SPOGBOLT   |   Location: Newfoundland, Canada

October 11, 2006

Is Dalrymple soft on crime?

Theodore Dalrymple's CBC podcast (see preceding post) is worth listening to even if one is already familiar with most of the ideas and anecdotes in it from his articles in City Journal and elsewhere. One of his statements, however, seems highly questionable. In response to the interviewer's question about a solution to the problem of the recent appearance of pervasive criminal violence in English society—violence which now imposes a de facto curfew on old people, for example—Dalrymple says,

I think that the law can do quite a lot, but it can't do everything; and in any case, one doesn't want a population that behaves in a reasonable and civilized way only because it fears that if it doesn't, there'll be a tap on the shoulder and they'll be taken off to prison. First of all I don't think that's possible, but secondly it would be very unpleasant even if it were possible.
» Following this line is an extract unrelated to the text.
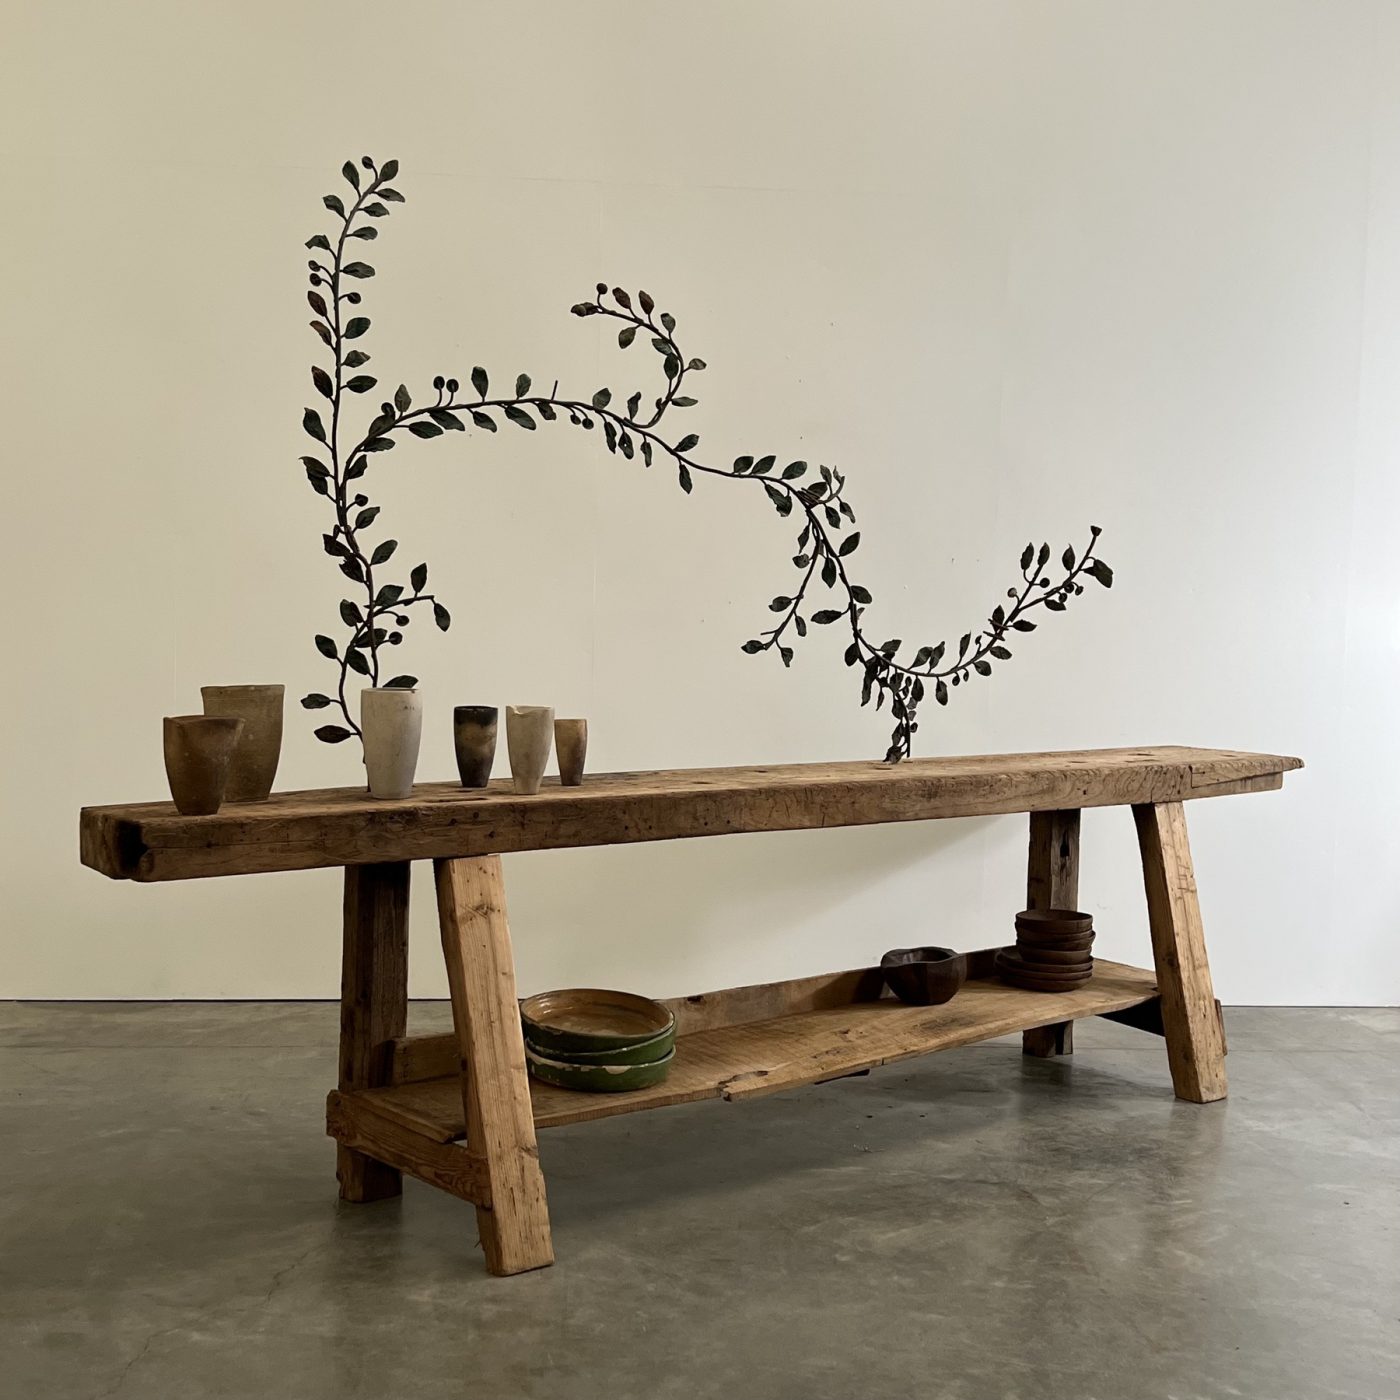 objet-vagabond-carpenter-table0005

In other words, Dalrymple seems to be saying that one shouldn't attempt to rely on increased penalties to curb criminal behaviour, even where those penalties would successfully cut crime rates, because one wants citizens who behave in a civilized fashion out of their free will rather than out of fear of the state.

If so, this is as crazy as the ideas of the liberal intelligentsia whom Dalrymple spends so much time criticizing. A state of public order maintained by the fear of criminal sanctions is, indeed, not an ideal one. But to insist on the ideal here, where there is no demonstrated means of achieving it, is mere progressive utopianism. If a society has a choice between pervasive criminal activity and coerced law-abidingness, it is the latter that is preferable. Would you prefer to be knifed in the street, or for your prospective assailant to be deterred from knifing you by the fear of jail or other punishment? One can reasonably go further than this, and ask whether it is not better for the assailant himself to be prevented from committing crimes, even by the gross threat of punishment, than to be allowed to commit them unhindered. I don't think traditional morality would have had any hesitation in saying that deterrence is preferable from this point of view as well.
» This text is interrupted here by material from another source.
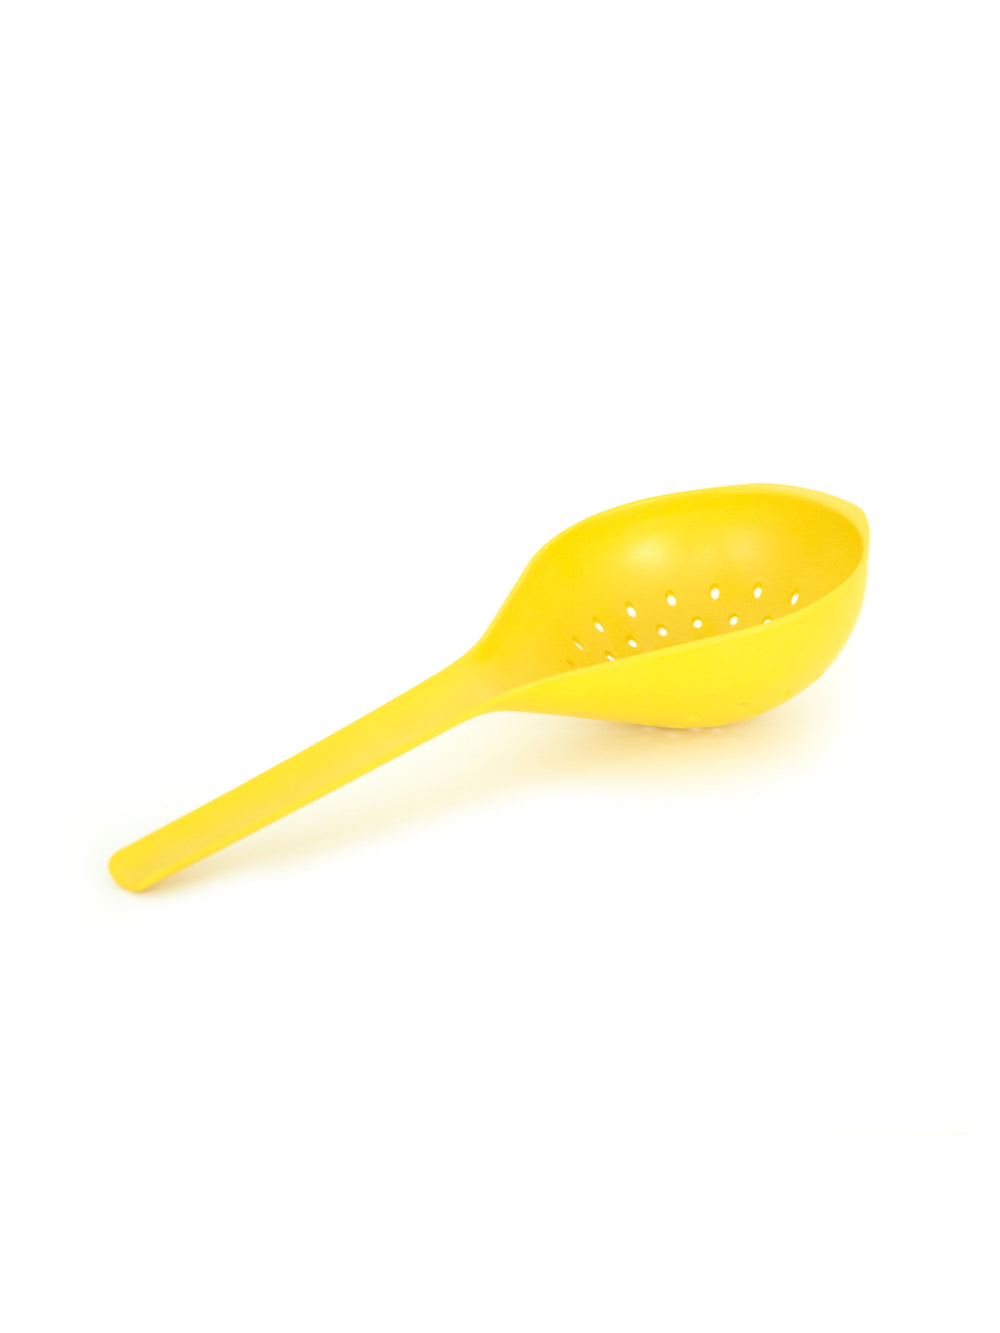 EKOBO - Measuring Spoon Set (Lemon)

Under the present régime of derisory penalties for various serious criminal offenses in England (I'm not aware of the situation in Scotland), the short answer to the question "What is to be done about English crime?" should presumably be, "Crack down on it." It is alarming that this idea seems to be too tough for even one of Britain's most independent-minded writers to swallow. If the present ruling establishment refuses even to contemplate such measures, make no mistake: there are fascists waiting in the wings who will be only too happy to assume the responsibility for imposing them.